Insectivorous bird, feeding on beetles, ants, grasshoppers,
locusts etc. In spring often feeds close to colonies on
patches of bare ground. In summer catches insects in the air, flying at lower altitudes over ground or water. At the end of summer usually feeds in flocks high in the air, catching abundant insects. In wintering areas feeds on locusts and other flying insects. Requires water for
drinking, and during the day makes regular flights to areas of water. Forages mainly on the wing, often in flocks of hundreds or even thousands of birds, especially when locusts are swarming, also feeds on ground by running swiftly after prey, usually hunts in early morning and late evening, often after dusk.


Although difficult to classify, the evidence of declines in Europe, West Africa and Central Asia indicate that this species has experienced moderately rapid overall declines, and thus warrants Near Threatened status.

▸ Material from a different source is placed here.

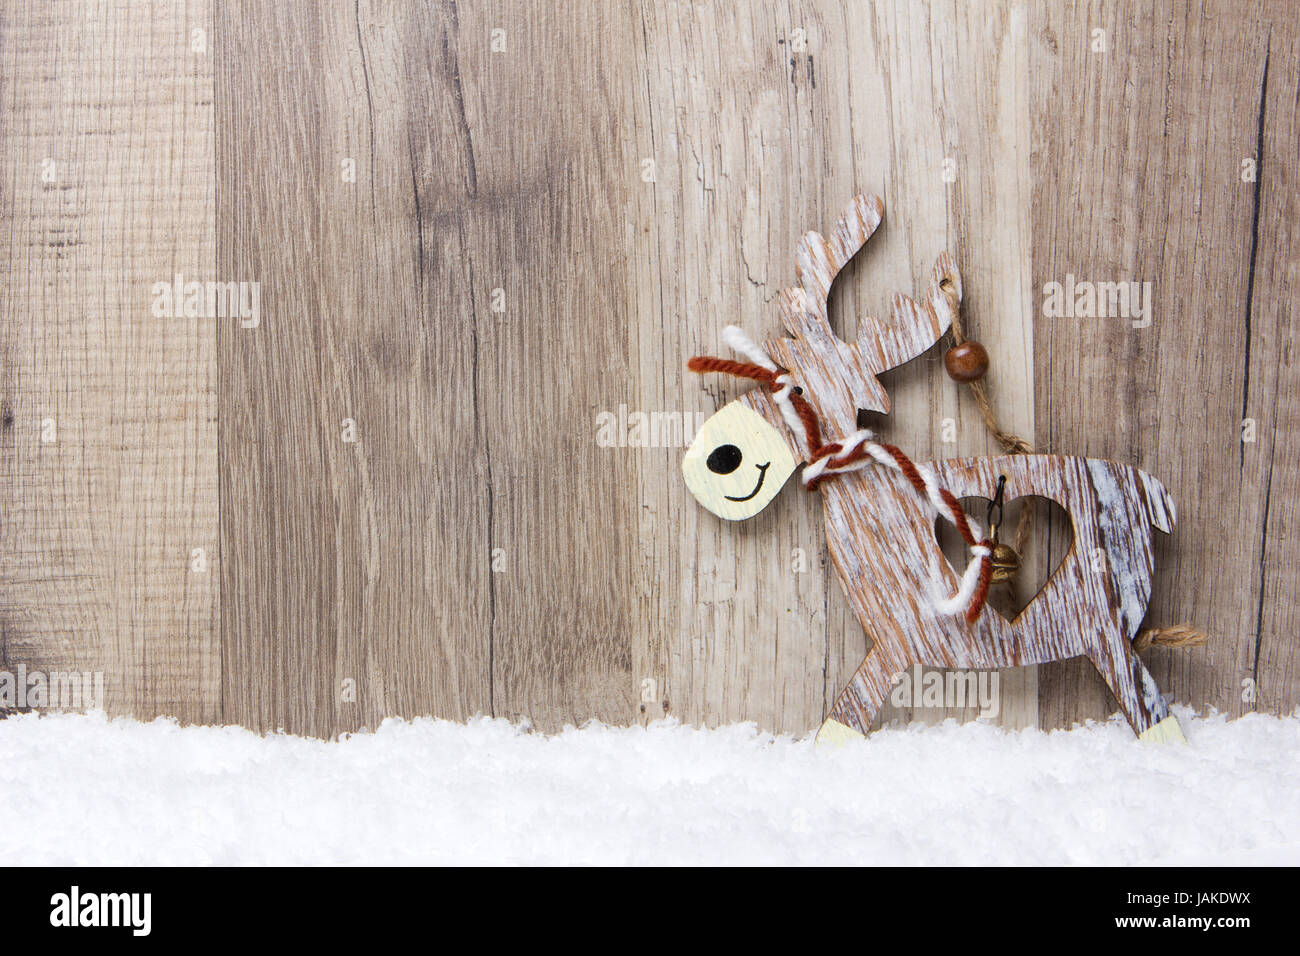 Weihnachten, Dekoration, Holzhintergrund mit Schnee, Elch Banque D'Images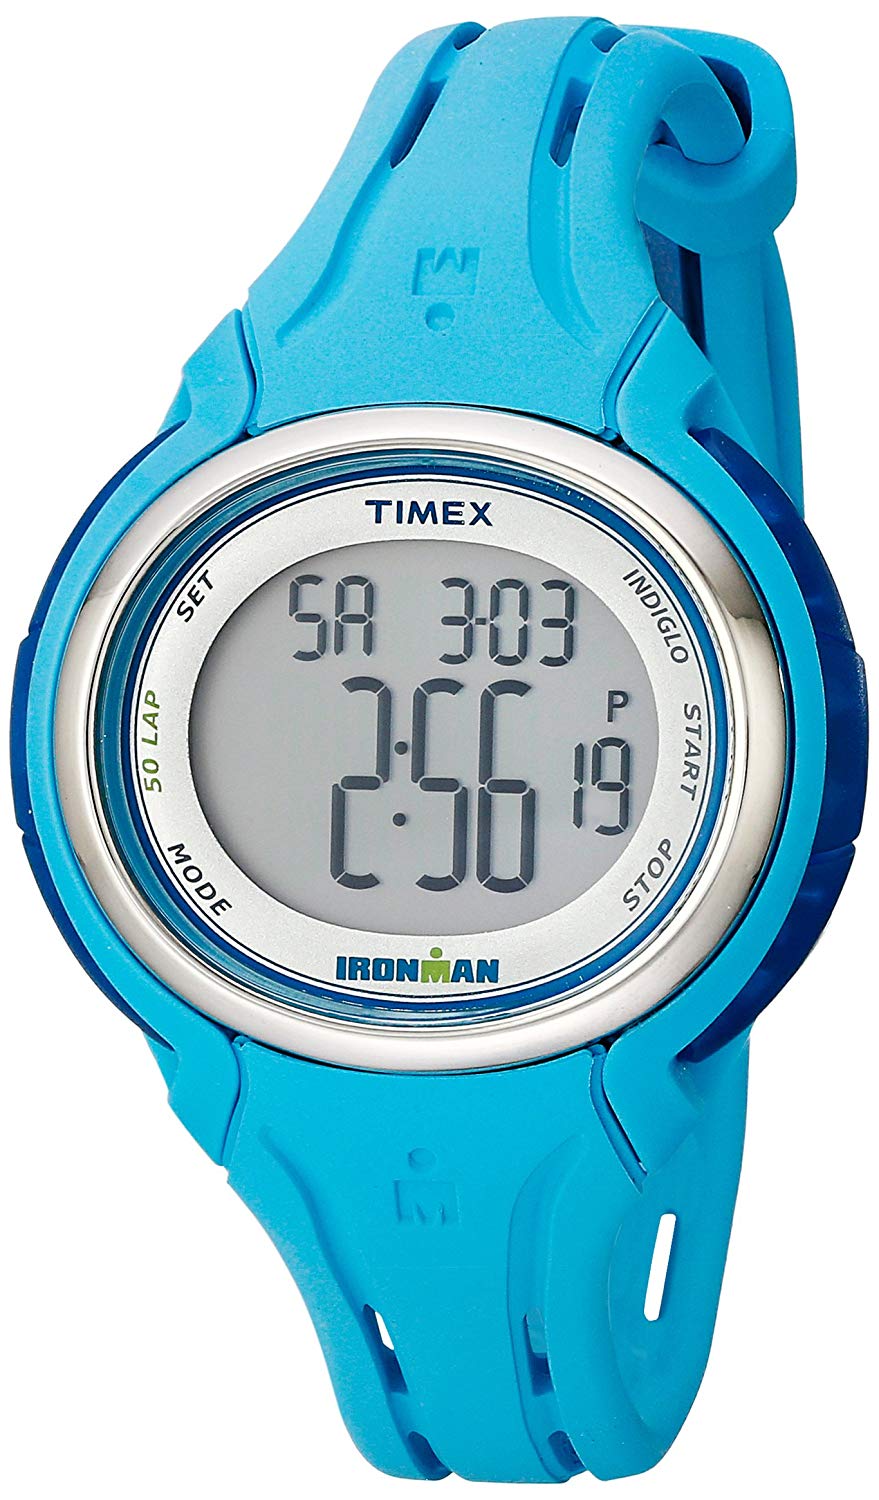 Timex Corporation Timex TW5K906009J Ironman Sleek 50 montre bracelet en silicone bleu piscine pour femme

Glareola nordmanni is a summer visitor to south-east Europe, which accounts for less
than half of its global breeding range. Its European breeding population is small (as
few as 2,500 pairs), but was stable between 1970-1990. However, the species declined
across most of its European range during 1990-2000-most crucially in its Russian
stronghold-and underwent a very large decline (>50%) overall. Consequently, this
previously Rare species (categorised as Data Deficient at a global level) is now
evaluated as Endangered.
The evidence of declines in Europe and West Africa and equivocal evidence from Kazakhstan indicate that this species is declining fairly rapidly and and thus warrants Near Threatened status. Further information from central Asia and Asiatic Russia may indicate that an even higher category of threat is appropriate.
Threats are poorly understood. Where declines are occurring the key factors are probably the conversion of steppe to arable agriculture, egg and chick mortality from trampling livestock and agricultural operations, such as harrowing. In Ukraine, predation by corvids may affect breeding success. In the wintering grounds, agricultural practices and grassland degradation may have reduced the area of available habitat.
Black-winged Pratincole status Near Threatened


Migratory. Winters entirely within Afrotropical region; unlike northern Collared Pratincoles, most are transequatorial migrants. Migrates from breeding grounds (south-west Asia, south-east Europe) to African tropics on broad front across Iran, Iraq, Turkey (only marginally extending to Balkans), and northern Arabia, but very few passage observations anywhere in Middle East, and assumed these (often arid) areas crossed in high-altitude, unbroken flight.
Large flocks formed after breeding (late June to mid-July), followed by large-scale departures August-September. First birds reappear in FSU second half April, with main arrivals in May.